Ars Technica rates 20 time travel movies by entertainment and scientific plausibility.

What modern science has to say about time travel can be summed up thusly: You can travel to the future, but you probably can’t travel to the past, although to be honest, we’re not really sure.

Their list includes a personal favorite of mine: “Time After Time” (1979), starring Malcolm McDowell as time-traveling H.G. Wells, Mary Steenburgen as his plucky feminist 1970s galpal and David Warner as Jack the Ripper.

The IMDB trivia page for “Time After Time” does not disappoint.

All four of the real H.G. Wells’ children were still alive at the time of this film’s release.

Malcolm McDowell listened to recordings of H.G. Wells to prepare for the role. According to him, Wells’ voice was high-pitched and Cockney-accented, so he decided not to imitate

The movie’s title inspired Cyndi Lauper’s song “Time After Time”, when in 1983 she browsed through a copy of TV Guide for “imaginary song titles”.

A deleted scene featured Wells meeting a punk who was playing extremely loud boom-box music on a bus in San Francisco. [Director] Nicholas Meyer later reused this idea in Star Trek IV: The Voyage Home (1986).

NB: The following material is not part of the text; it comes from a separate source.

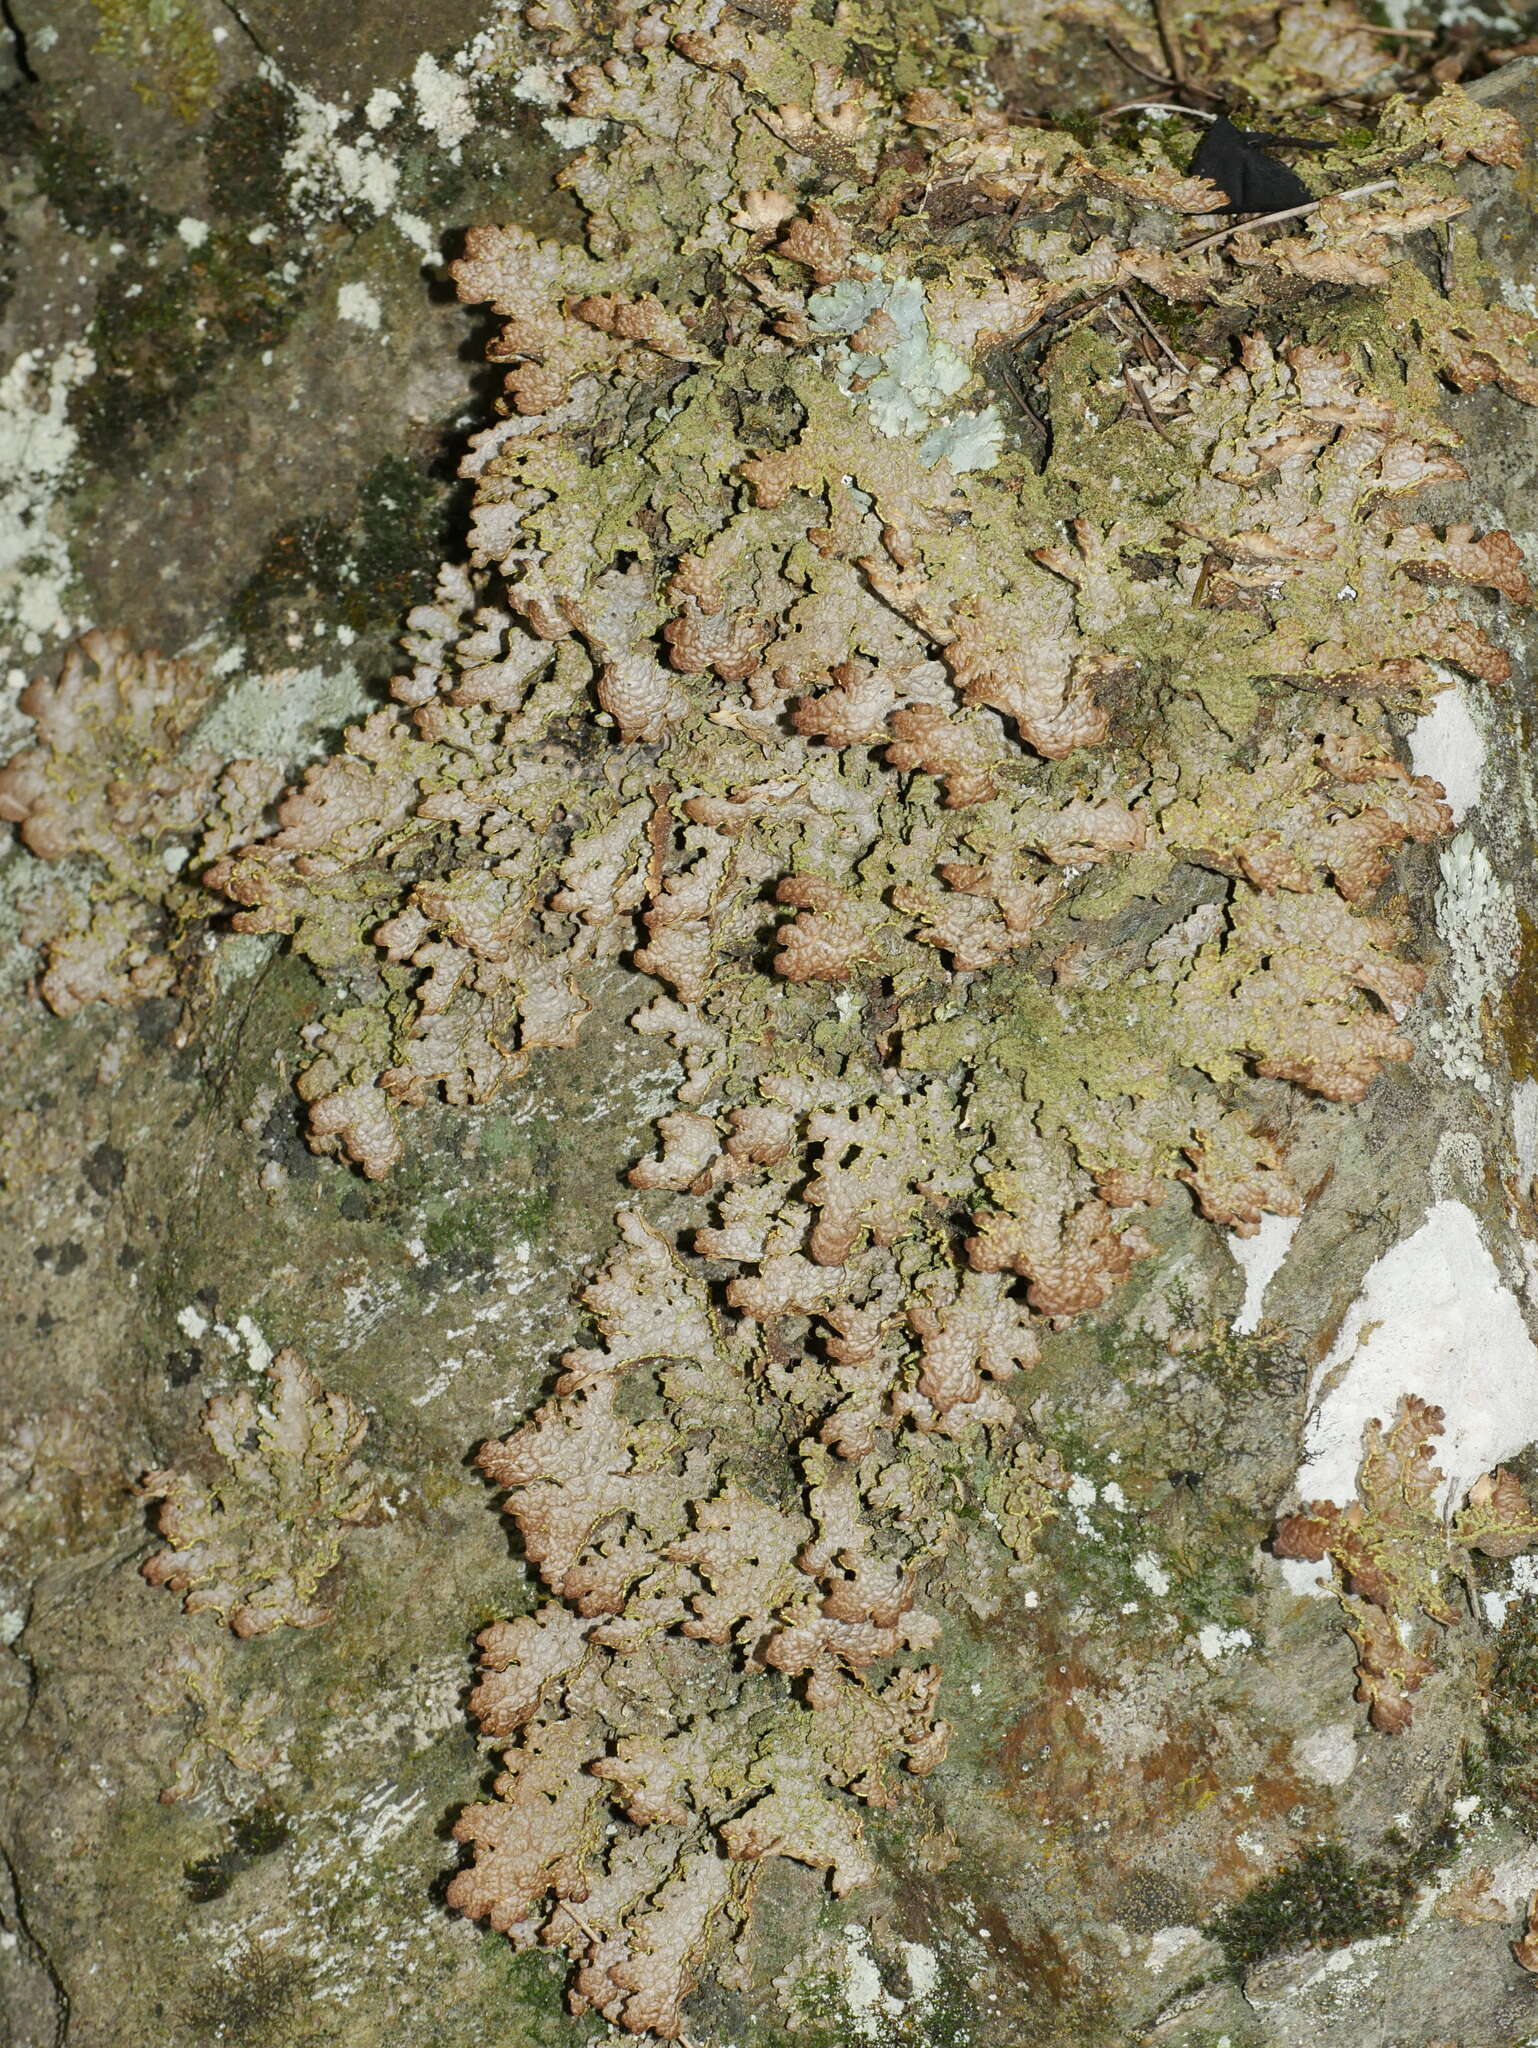 Image de Pseudocyphellaria neglecta (Müll. Arg.) H. Magn.

Much of the action of “Time After Time” takes place in the Hyatt Regency San Francisco, as do a few scenes in Mel Brooks’ “High Anxiety.” I stayed in the same hotel in 2017; it hadn’t changed much, other than becoming deliciously dark and gloomy. A monument to 70s futurism.

One quibble with the Ars Technica list. Authors Jennifer Ouellette and Sean M. Carroll rightly praise the first Christoper Reeve “Superman,” including Gene Hackman’s “marvelous selection of outrageous wigs,” but add:

We’re knocking off a point for the cheesy “Read My Mind” spoken song as Superman takes Lois Lane (Margot Kidder) on a romantic flight over Metropolis, which has aged poorly.

No, that scene did not “age poorly.” It was always terrible. It was cringe in 1978 and it is cringe today.

Now I want to see “Superman” again, to enjoy Hackman, Ned Beatty and Valerie Perrine hamming it up as villains.